Directions for this task =
Take the lines from the one containing "Top 5 reasons" through the final line below and restate them exactly. Omit the pictures.

Dataset excerpt =

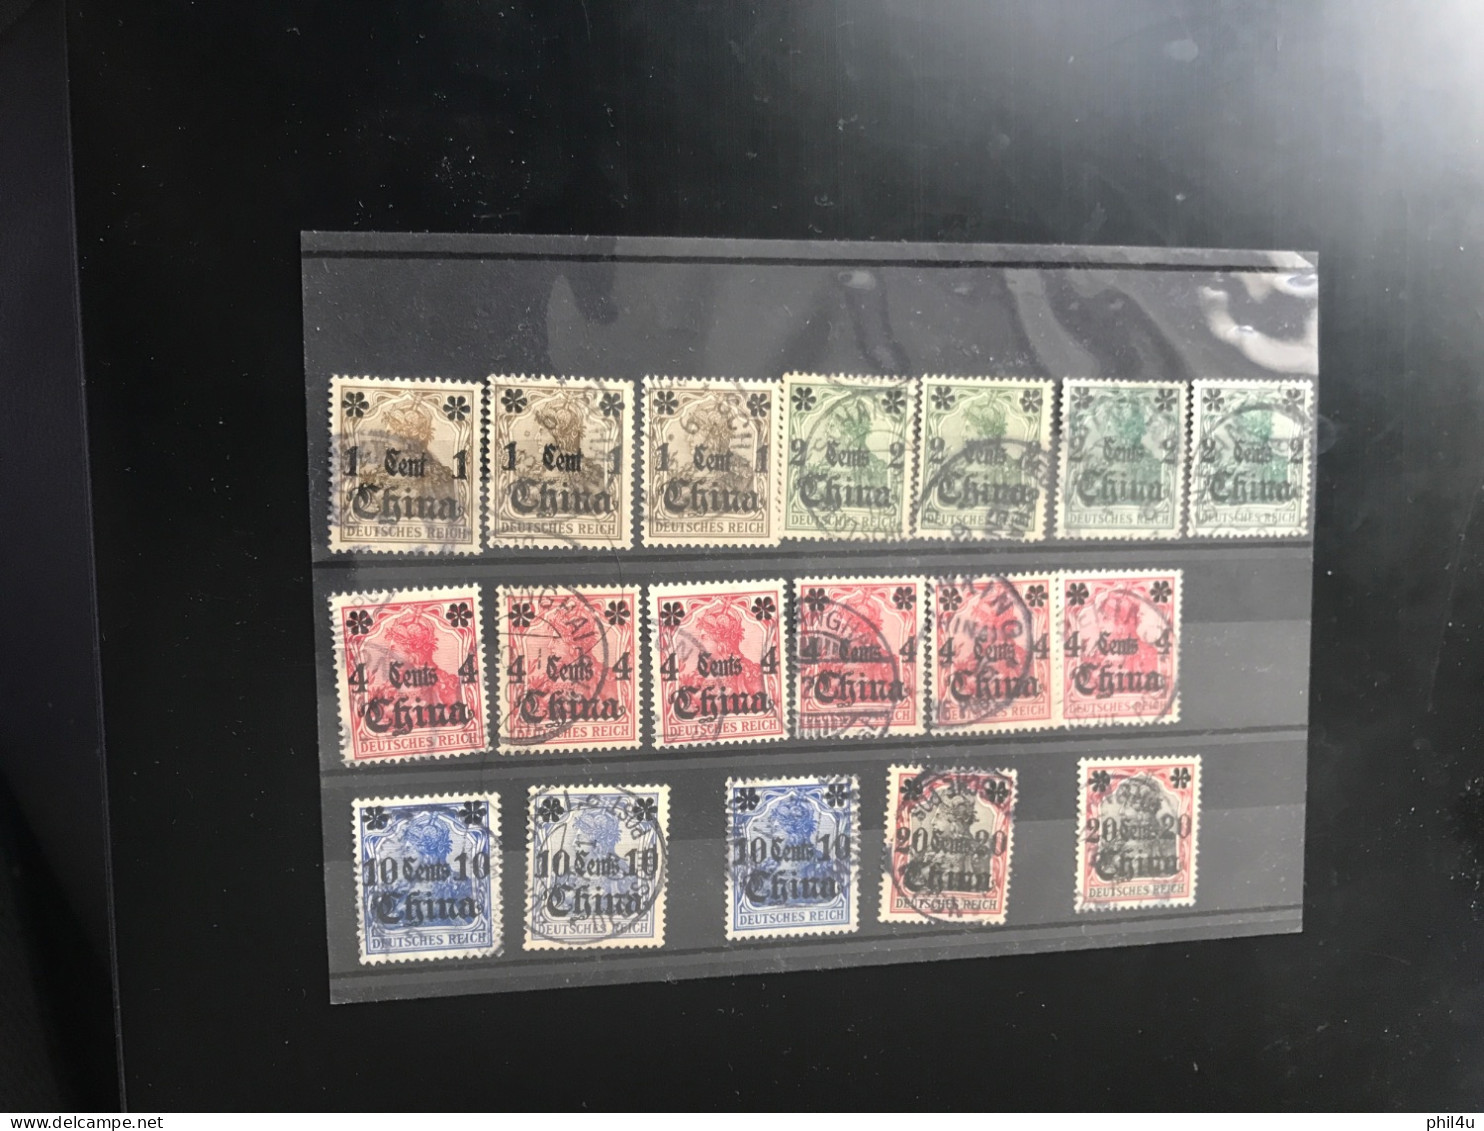 China Overprinted On Deutsch Reich SG1c,2c,4c,10c,20c Cat £66.75 As Per SG2018 £66.75 See Photos - Usados
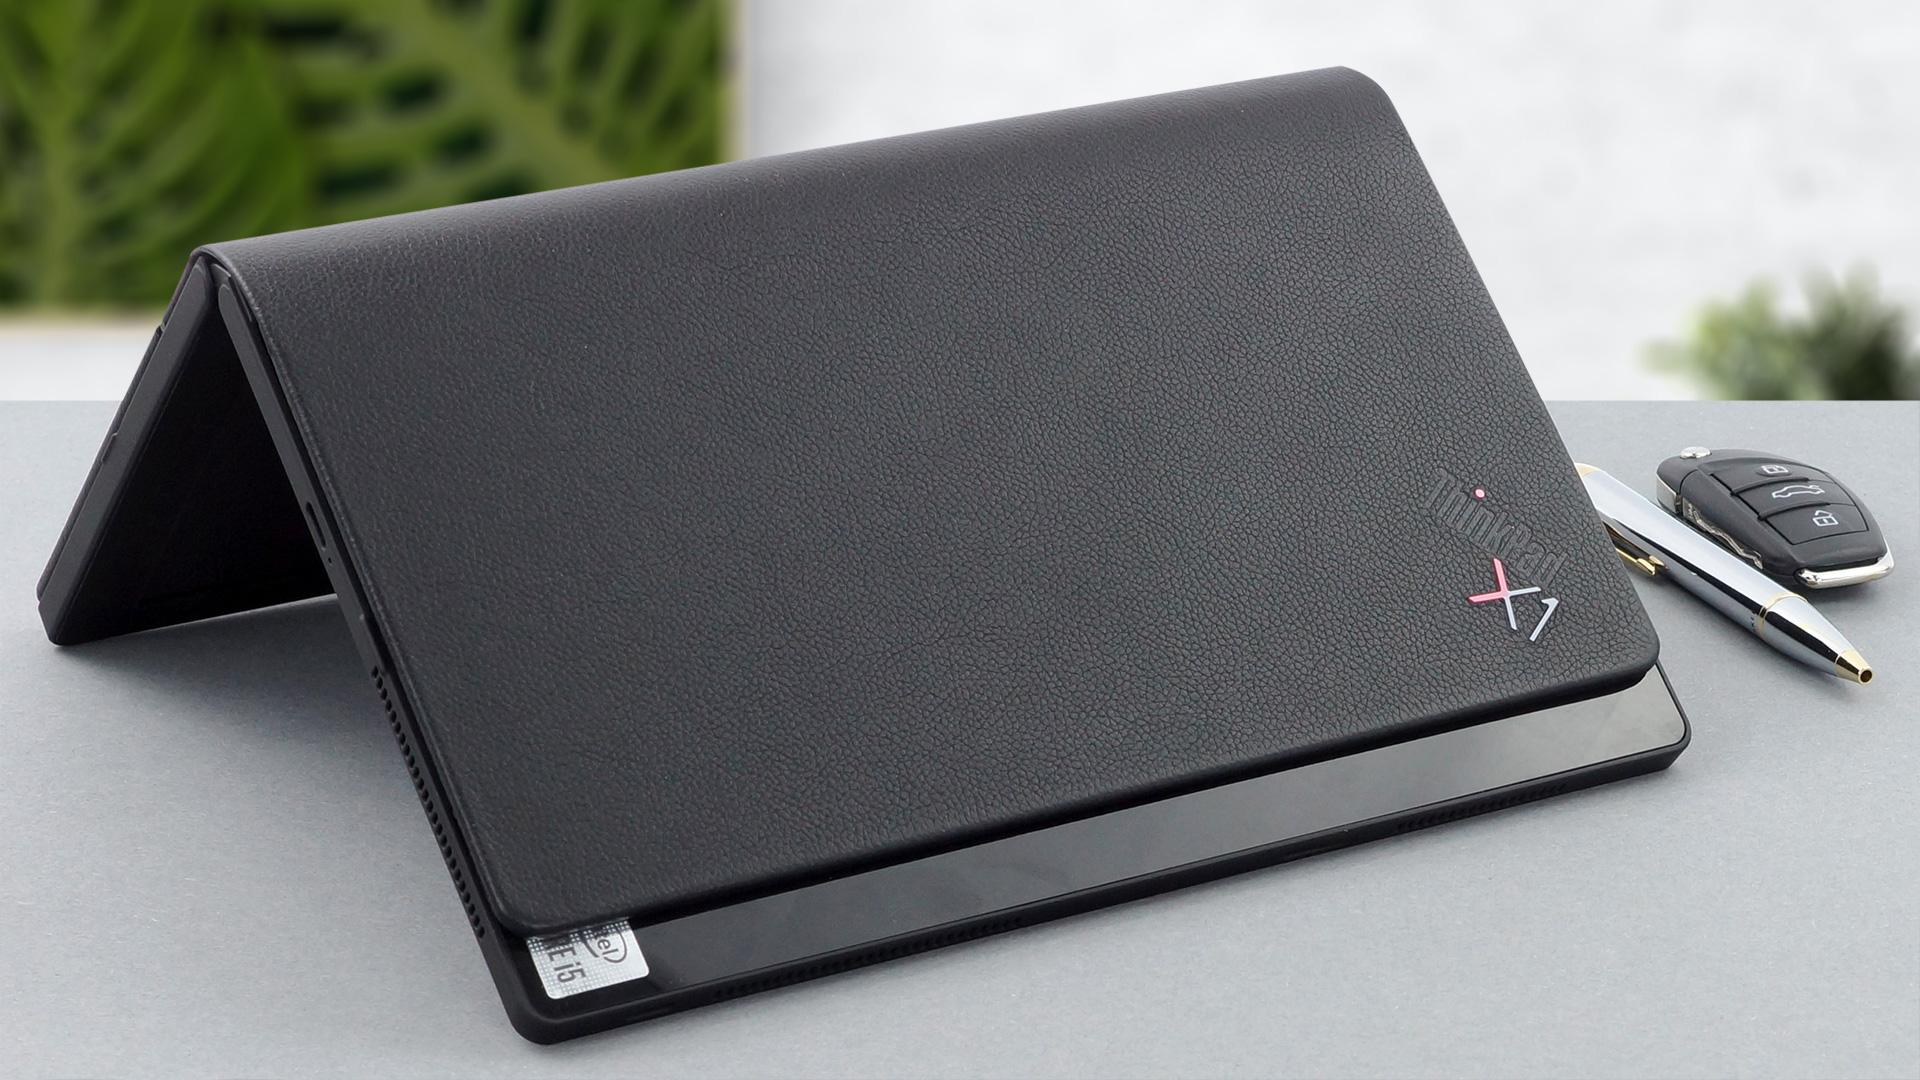 Top 5 reasons to BUY or NOT to buy the Lenovo ThinkPad X1 Fold ...
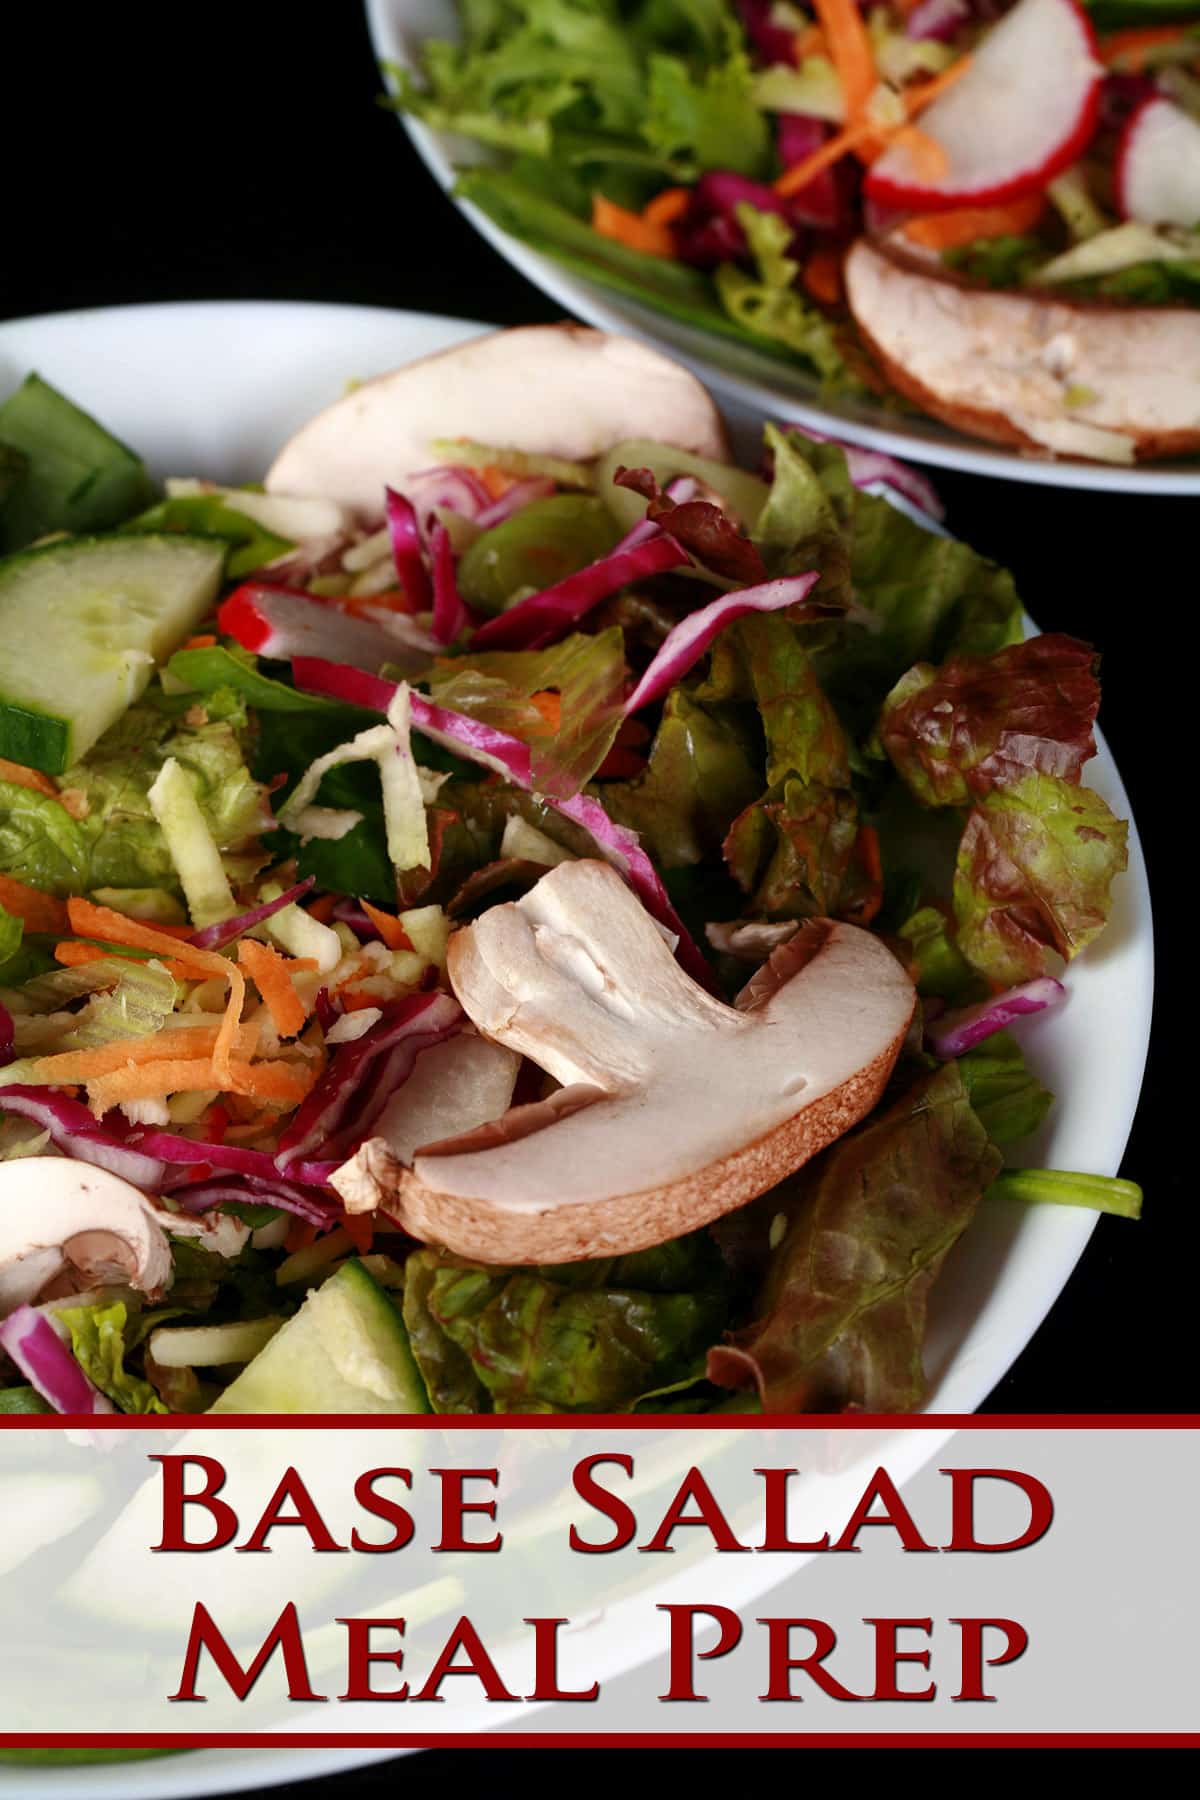 A bowl of base salad, with lettuce, mushrooms, radishes, cucumbers, etc visible.

Written solution =
 Top 5 reasons to BUY or NOT to buy the Lenovo ThinkPad X1 Fold ...
 A bowl of base salad, with lettuce, mushrooms, radishes, cucumbers, etc visible.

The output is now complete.